C’est ainsi que nous avons grandi, avec mon frère, en apprenant à détecter au son qu’ils faisaient si un obus s’éloignait ou s’il venait vers nous. D’un apprentissage des règles de la guerre, nous avions fait un petit jeu, « départ ou arrivée ». À chaque cessez-le-feu, nous allions ramasser des éclats d’obus que nous échangions avec les copains. Les adultes avaient beau tenter de nous préserver, nous serpentions entre leurs angoisses et les flashes infos de la radio. Ces épreuves ont formé un tissu humain toujours vivant. C’est d’autant plus remarquable que le Liban n’a jamais entamé un travail de mémoire : les manuels d’histoire s’arrêtent aujourd’hui encore au 13 avril 1975.

À un moment de fortes tensions que je n’arrive plus à situer tellement les crises se sont succédé, j’ai envoyé un message à ma mère en lui disant que nous étions inquiets, mon frère et moi, que nous ne savions pas combien de temps ils allaient pouvoir encore rester au Liban et qu’il faudrait réfléchir à un plan B. Quelques jours plus tard, ma mère m’a envoyé une photo d’elle et de mon père sur une plage du nord de Beyrouth, accompagnée de ces mots : « Voilà notre plan B. » Il n’y avait de sa part aucune forfanterie, ils n’imaginaient simplement pas partir. Et d’abord pour aller où ?

Au moment de l’escalade des tensions entre Israël et l’Iran, j’ai appelé ma mère : elle a fait semblant de croire que tout ceci n’était que gesticulations. Était-elle frappée d’inconscience après des décennies de catastrophes ? Je ne le crois pas. Était-elle dans un déni utile pour continuer de vivre envers et contre tout ? C’est possible. Les Libanais n’en mènent pas large, mais jamais ils ne l’avoueront. Ils se sont forgé, à la longue, une manière de résistance, un subtil mélange d’humour, de pudeur, de fatalisme et de dignité. Ici, « on vit au jour le jour ».

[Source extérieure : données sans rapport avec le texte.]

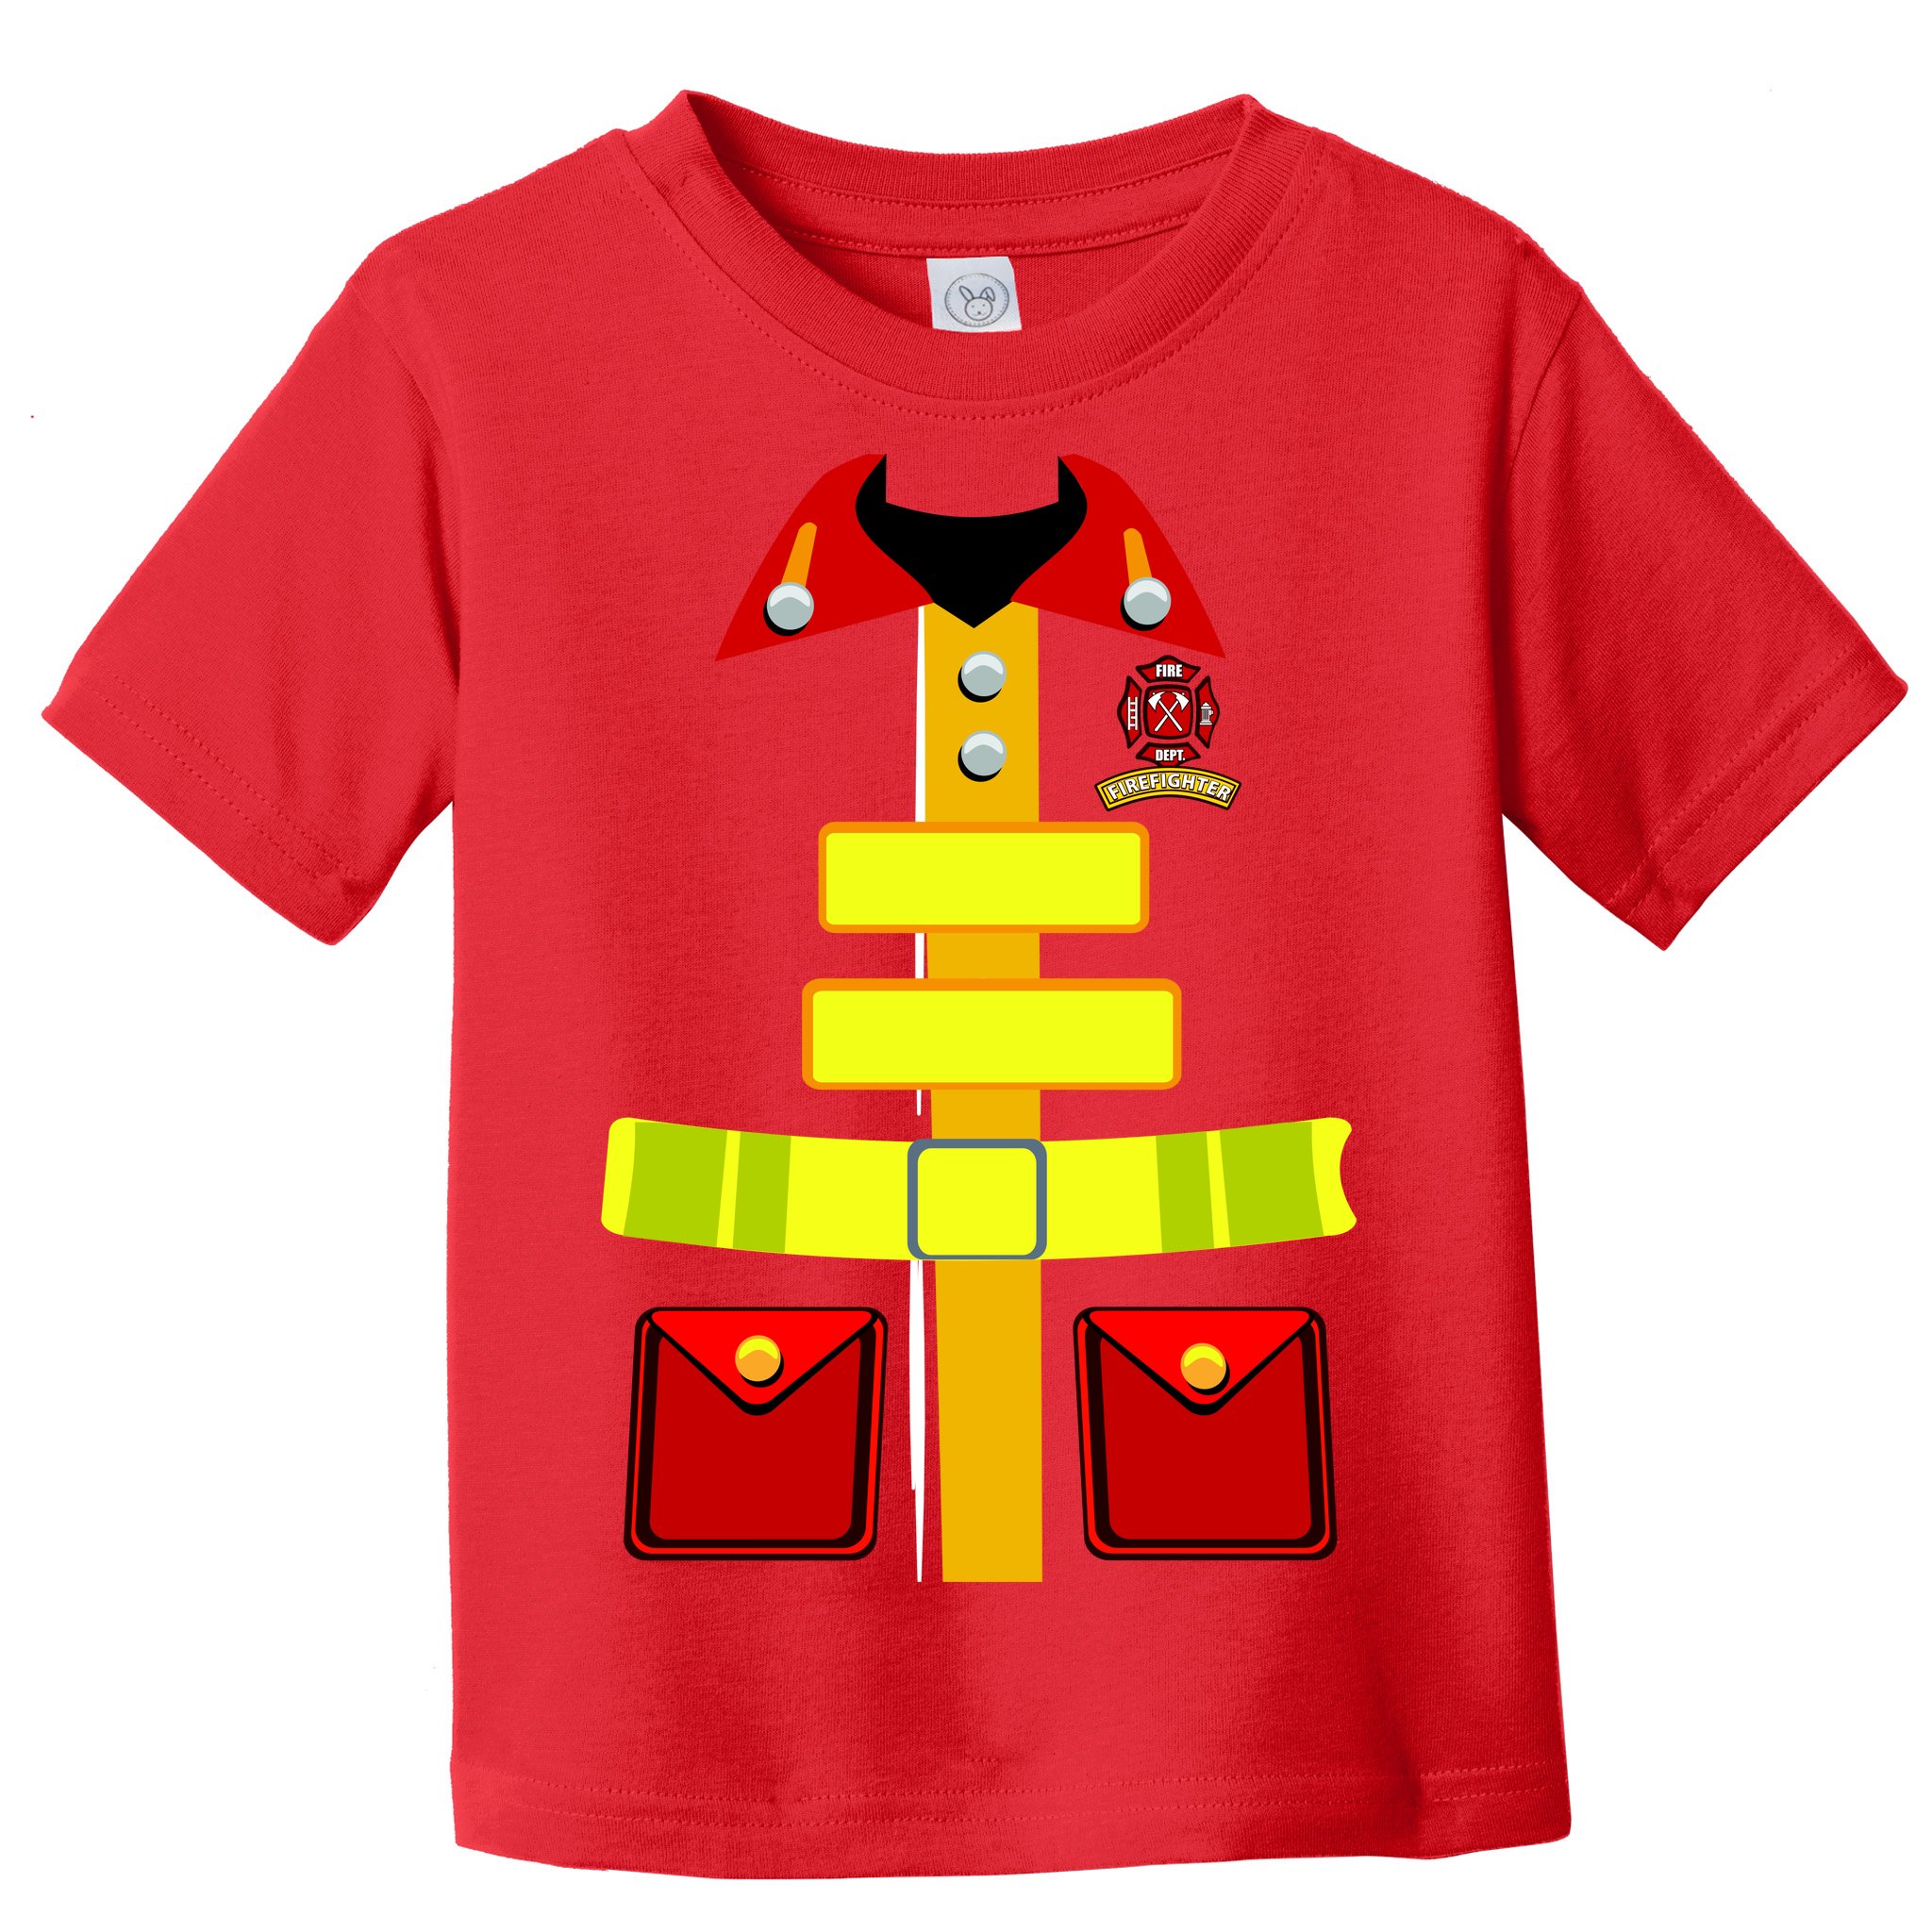 firefighter uniform shirts
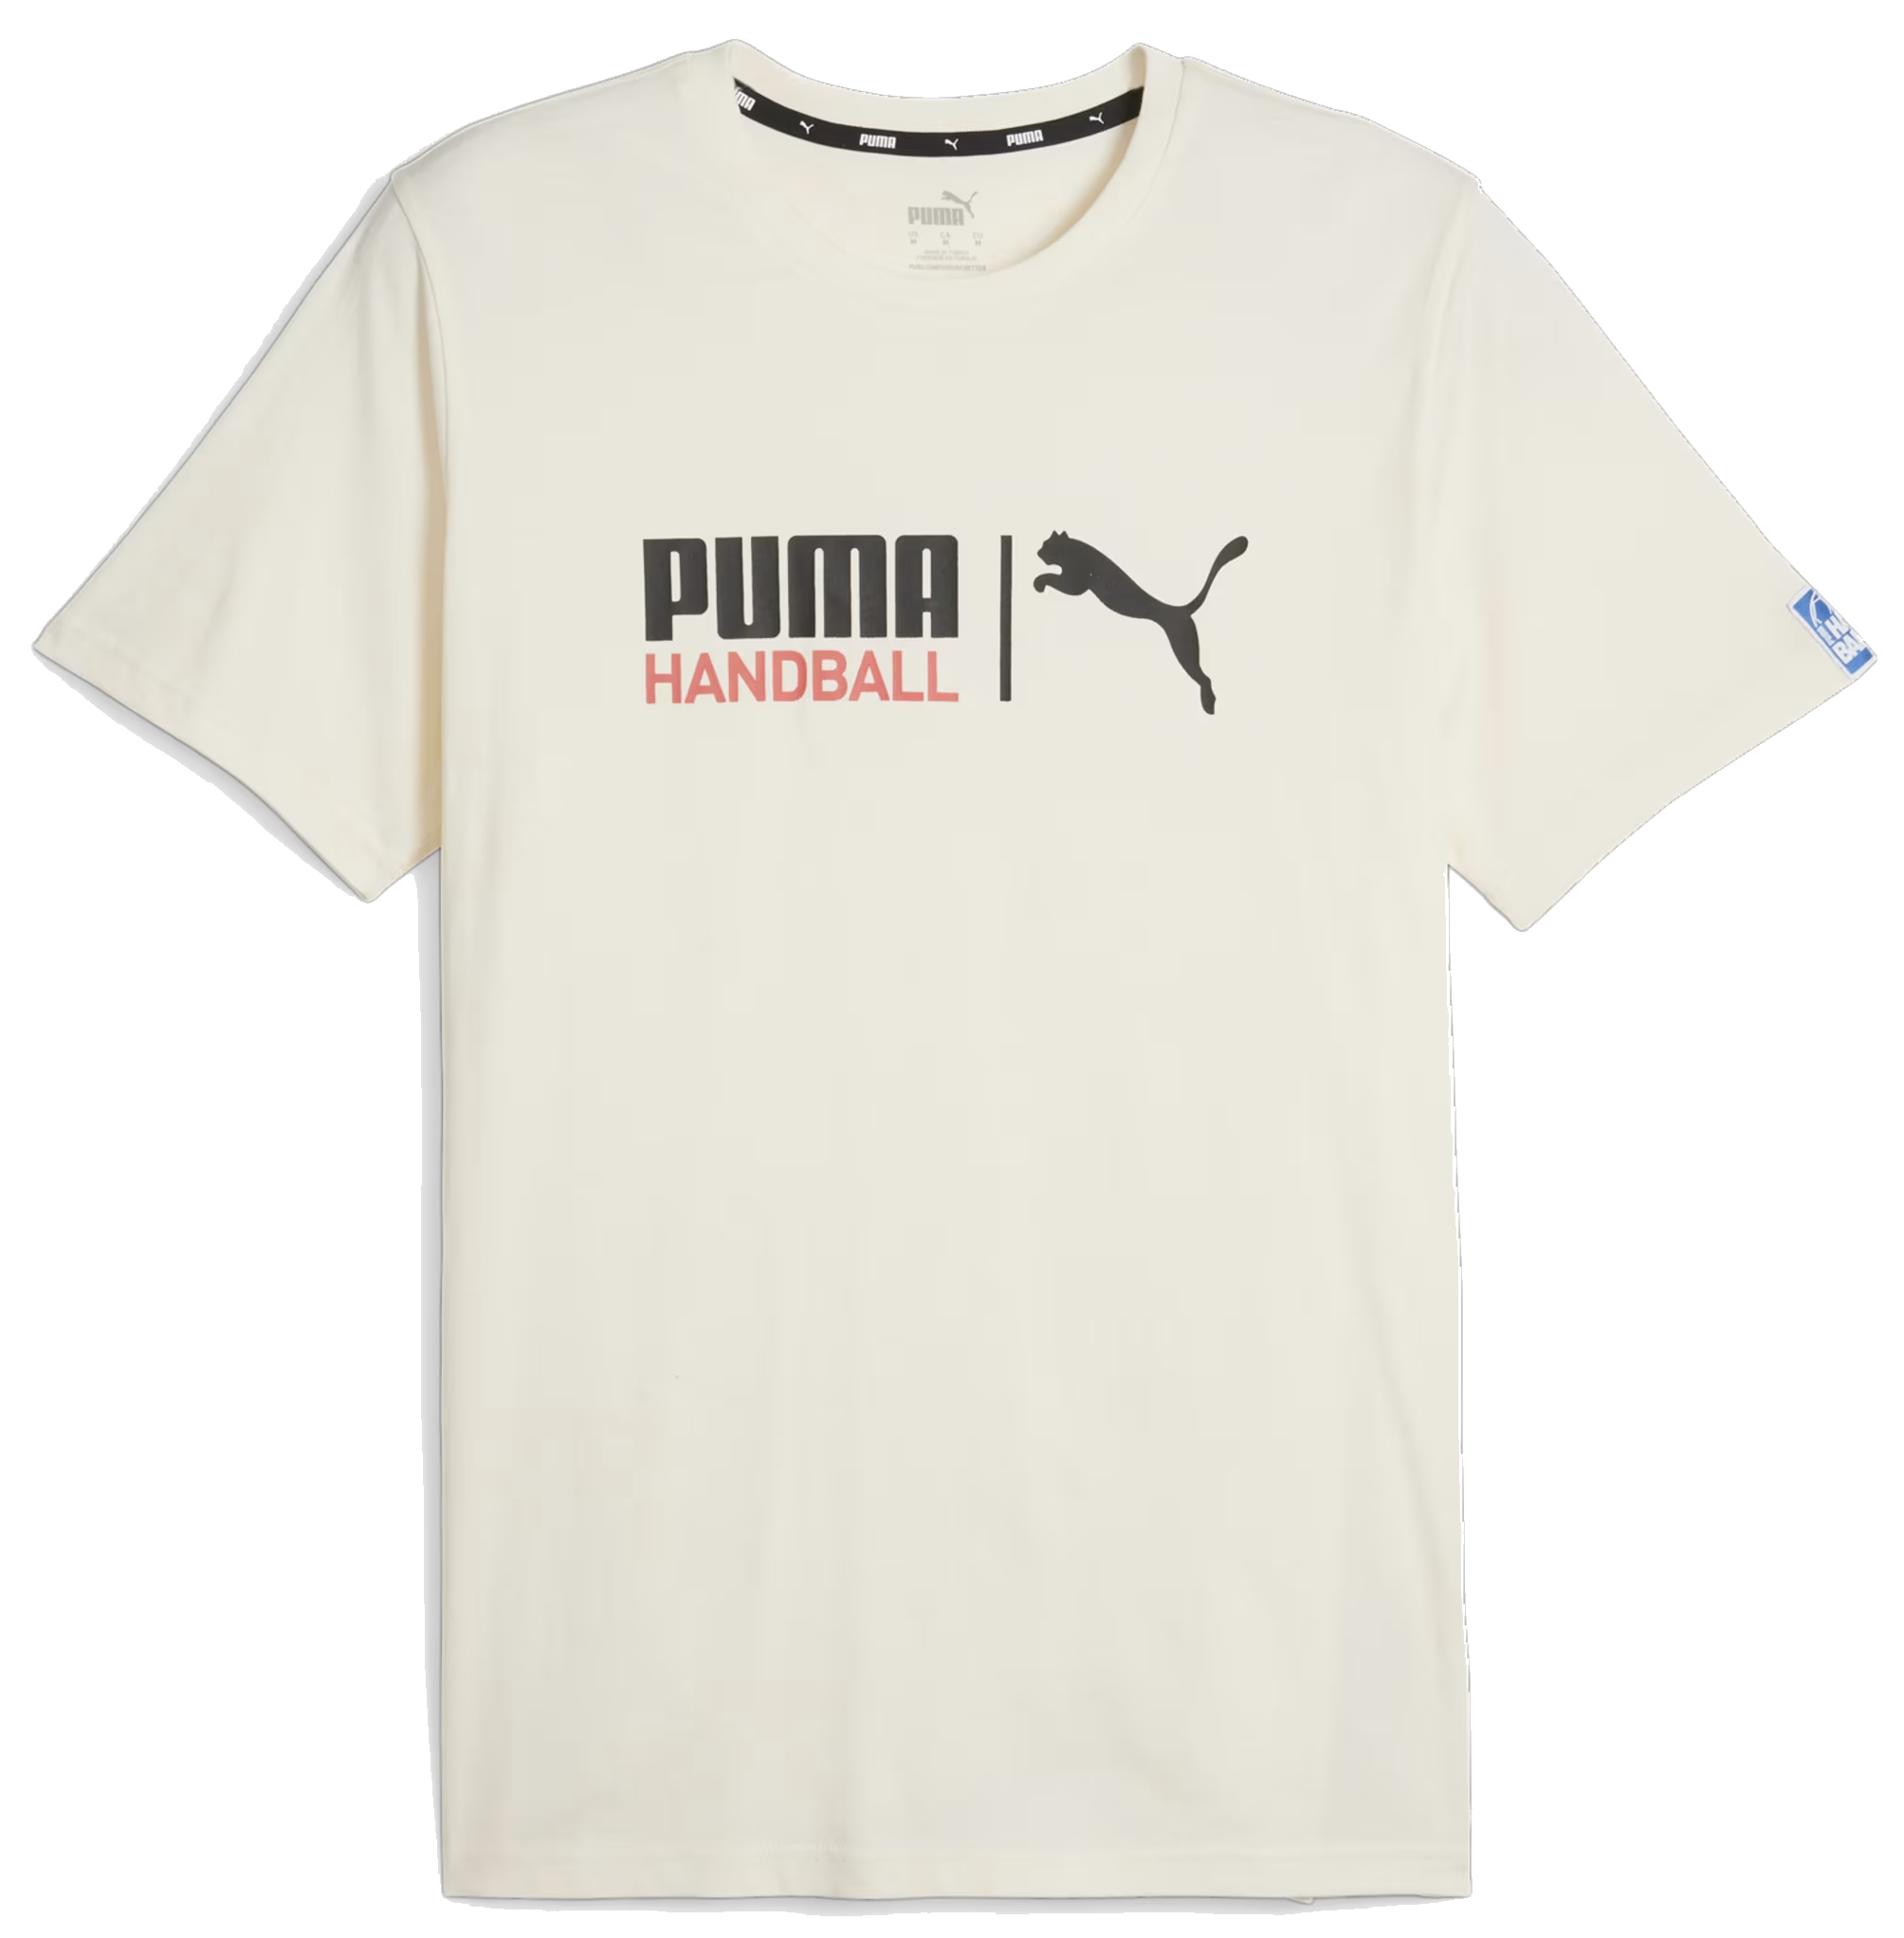 T-shirt Puma Handball

J’aimerais avoir la même tenue. Loin de Beyrouth, j’éprouve une inquiétude sèche et aride. Sitôt levée, je me précipite sur les nouvelles du Liban et du Proche-Orient. Quand je suis à Beyrouth, je ne lis rien, je vis, c’est une autre manière de s’informer.

En juillet 2006, j’ai été « bloquée » à Paris, c’était le début de la guerre de 33 jours qui opposa Israël au Hezbollah. Debout dans une cabine téléphonique, j’écoutais mes parents me raconter qu’ils n’avaient plus d’eau, plus d’électricité, qu’ils avaient plié les tapis, rangé les objets fragiles et qu’ils attendaient dans le vestibule. Il faisait beau, des passants vaquaient à leurs occupations, c’était la première fois que je vivais la guerre de loin. Au bout de quelques jours, j’ai été frappée par un « réflexe de pénurie ». Le matin, je me levais plus tôt, craignant qu’il n’y ait pas de bus et quand je rentrais chez moi, j’étais étonnée qu’il y ait de l’électricité à la maison. La guerre est inscrite dans nos corps et nos esprits.

Vendredi 12, ma mère m’a dit : « Je te ramène à l’aéroport », comme si c’était là que j’habitais. Mes parents, comme beaucoup de parents libanais, ont souhaité un avenir meilleur pour leurs enfants, loin du pays. Ils sont heureux de nous savoir « à l’abri » et souffrent de cet éloignement. Au moment de m’étreindre, ma mère m’a dit : « Toi, quoi qu’il t’arrive, tu reviendras toujours. » Il n’empêche que je suis partie, les laissant seuls, si près d’un gigantesque brasier.